# loose tubes in YBA2A



## ccuwan (Jul 9, 2008)

I have a YBA2A (EL84) and the tubes feel very loose. I think the socket is loose but I expect the socket to tube connection may be a little loose as well. Should I worry about this? They have not fallen out yet and the amp sounds awesome but they could. If I should tighten things up how would you recommend I go about this. Can I simply put some kind of pulldown mechanism on them?

Thanks
Ray


----------



## hollowbody (Jan 15, 2008)

ccuwan said:


> I have a YBA2A (EL84) and the tubes feel very loose. I think the socket is loose but I expect the socket to tube connection may be a little loose as well. Should I worry about this? They have not fallen out yet and the amp sounds awesome but they could. If I should tighten things up how would you recommend I go about this. Can I simply put some kind of pulldown mechanism on them?
> 
> Thanks
> Ray


It may depends on the type of EL84 you're using. Some are skinnier than others. I have a pair of GT EL84s that are loosey goosey in my YGM2, and a pair of TAD EL84s that fit a little more snuggly. The sockets in older amps were a bit wider to accommodate the fatter bottles of yesteryear.

As long as you don't jar the amp and cause a tube to actually fall out during operation, you should be fine, but I'd like a solution a little more road-worthy than that, so I'm interested to hear what others have to say.

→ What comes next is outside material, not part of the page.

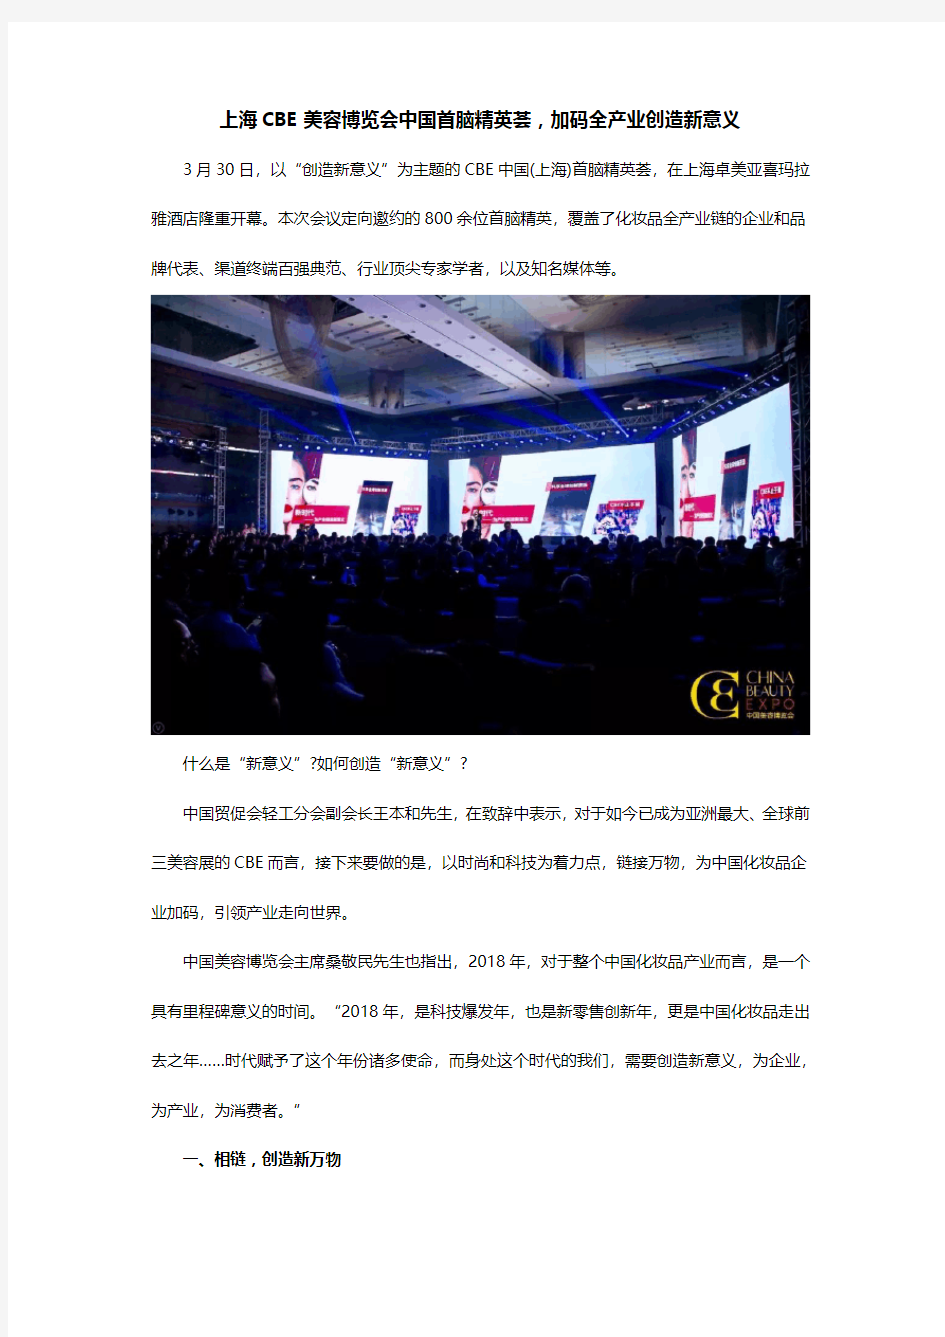 上海CBE美容博览会中国首脑精英荟,加码全产业创造新意义

The best method is likely to replace the metal doo-hickeys around the socket with the kind that have built-in springy guys to hold the tube in place. These are all technical terms, btw


----------



## ccuwan (Jul 9, 2008)

My thoughts as well....I'd like to find an easy way to 'strap em in'


----------



## WCGill (Mar 27, 2009)

AES (Antique Electronic Supply) sells spring retainers for EL84's, which I would recommend.


----------



## GTmaker (Apr 24, 2006)

I just got these spring retainers and they seem to hold things nice and snug.
Easy to install and actualy pretty cheap.
Spring Retainer for 6L6 and EL34 Types

You may want to wait and also order some tubes as I'm sure the shipping costs for just the retainers would be high. Just a thought.


----------